A psicóloga acompanhou a infância do menino a partir da idade escolar. A mãe de Bernardo, Odilaine Uglione, morreu em 10 de fevereiro de 2010, com um disparo dentro do consultório do marido. A polícia concluiu o caso como suicídio. A criança passou a ser cuidada por babás. Pouco tempo depois, Graciele mudou-se para a casa do médico. O menino e o madrasta eram vistos juntos pela cidade. Após o nascimento da filha do casal, a relação teria piorado. As reclamações de Bernardo fizeram o Conselho Tutelar ir até a escola, no fim de 2013.
— Eu disse: "Bernardo, pode falar tudo para eles, vão te ajudar." Eu não cumpri essa promessa. A minha maior dor é essa. A gente espera que agora a justiça seja feita. Só quem lembra dele te abraçando sabe a dor que é. Essa dor a gente vai carregar para sempre. Não vai passar com esse julgamento — chora.
A gente sempre teve essa sensação de que ele iria voltar. E é o que sentimos até hoje. Que ele vai voltar. Para o grupo ainda não caiu a ficha. É muito difícil.
Nem todos que conviveram com o menino conseguem falar sobre o caso. Segundo a professora Simone Müller, colegas de escola silenciaram por três anos. O filho dela estudava na mesma turma de Bernardo. Os dois andavam juntos pela cidade. Após a morte, os alunos foram convidados para atividades do grupo. Só aceitaram participar do aniversário de 15 anos.
— É muito difícil para eles lidar com essa perda. O Bernardo não contou para nenhum amigo o que vinha passando. Depois fomos ver aqueles vídeos, áudios (gravados pelo pai). Aquilo ele nunca falou. Por que ele não contou? Os colegas dele se questionam e a gente também. Ele via a vida dos colegas, com pai e mãe, sendo cuidados, amados. Talvez tivesse vergonha. Isso pesa para todos — diz Simone.
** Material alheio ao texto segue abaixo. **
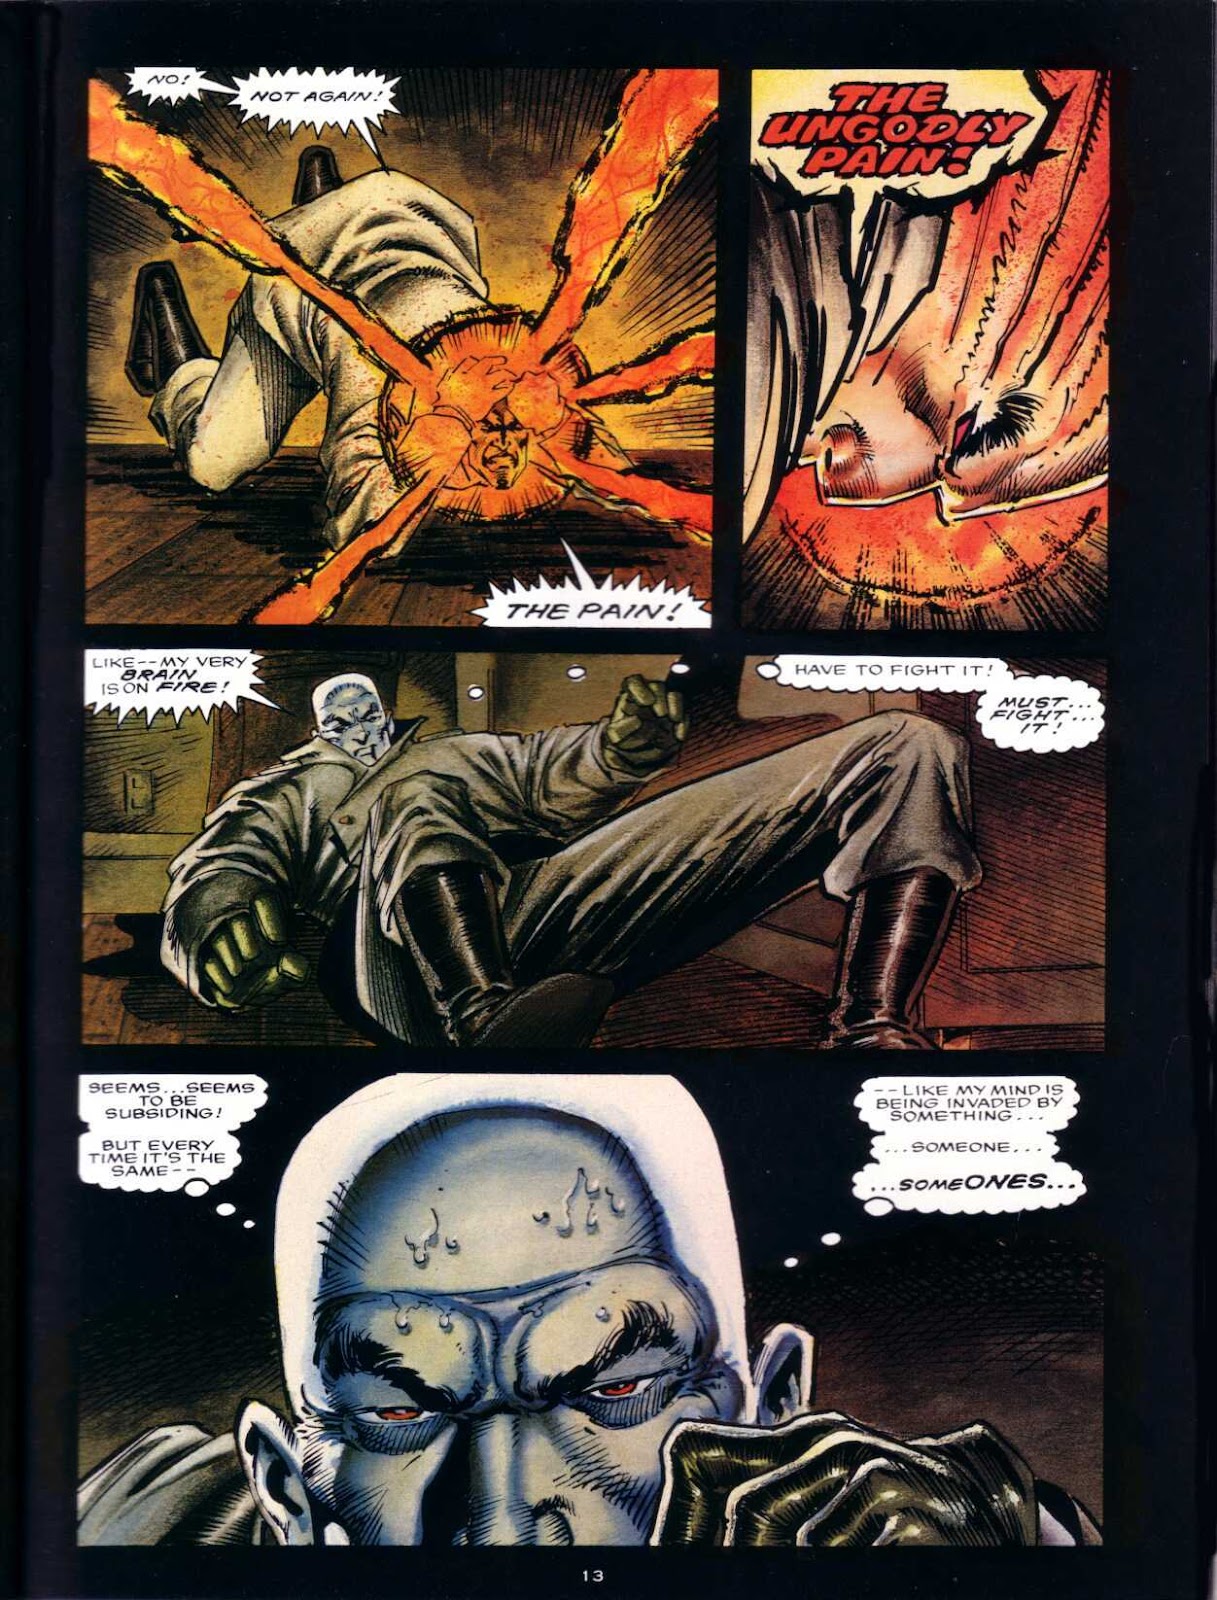 Marvel Graphic Novel issue 66 - Excalibur - Weird War III - Page 13
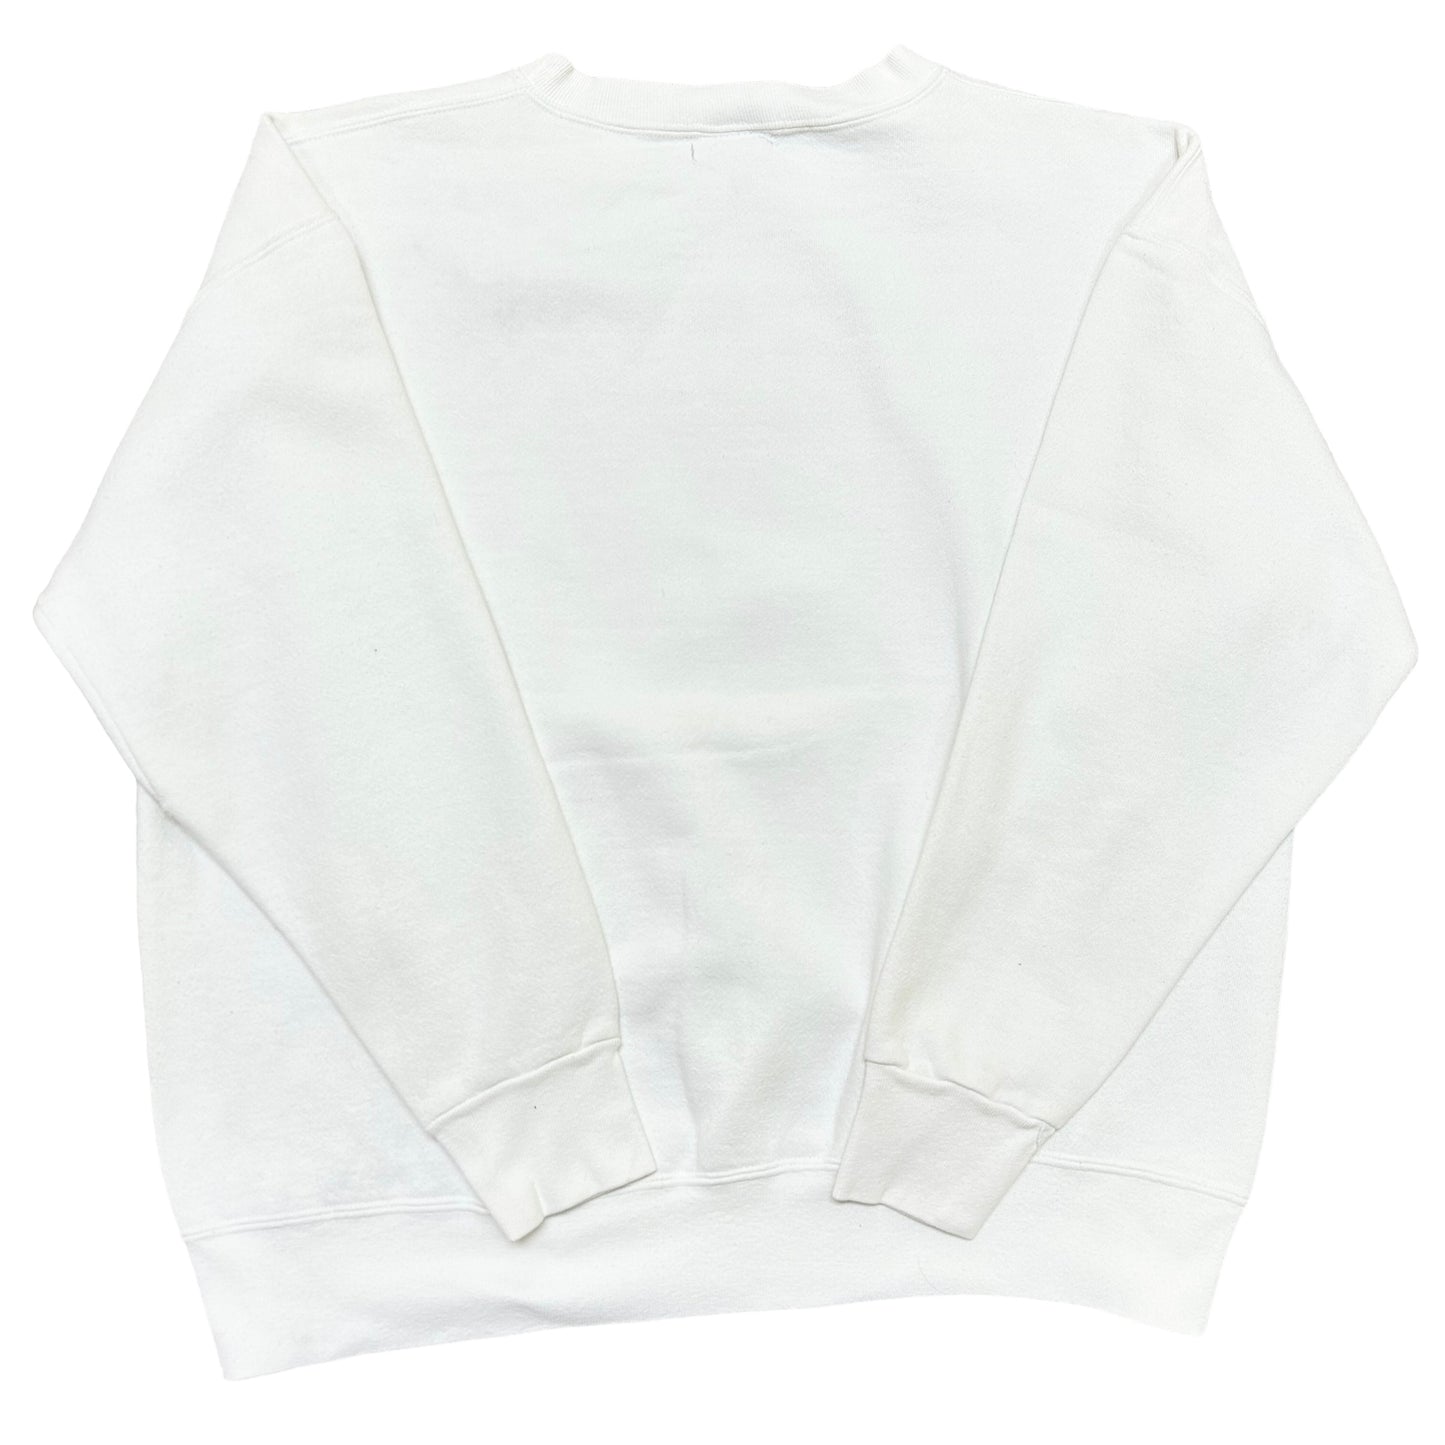 Vintage 1990s Latham’s Tavern Cambridge, England White Crewneck Sweatshirt - Size XL (Fits Large)

Foi na casa da professora que Boldrini procurou pelo filho, em 6 de abril, dois dias após ele desaparecer de Três Passos. Era comum o menino permanecer na residência da professora. Simone estranhou o fato de o médico ir até lá procurar Bernardo. Não era habitual. A população se mobilizou em buscas. Colegas de escola criaram o grupo VoltaBê. Os moradores imaginavam que ele tivesse fugido.
— A gente sempre teve essa sensação de que ele iria voltar. E é o que sentimos até hoje. Que ele vai voltar. Para o grupo ainda não caiu a ficha. É muito difícil — conclui Simone.
Em 14 de abril, Edelvânia indicou à polícia onde estava enterrado o corpo do menino, em Frederico Westphalen. Relatou que o menino foi dopado com dois comprimidos e morto com injeção letal. O pai e a madrasta foram presos, e a casa da família, apedrejada pela população revoltada. Até hoje a residência exibe marcas no telhado. Perto dali, um menino magrinho sobe a rua, jogando uma bola para o alto, enquanto outros caminham e brincam no retorno da escola, num contraste à infância roubada de Bernardo.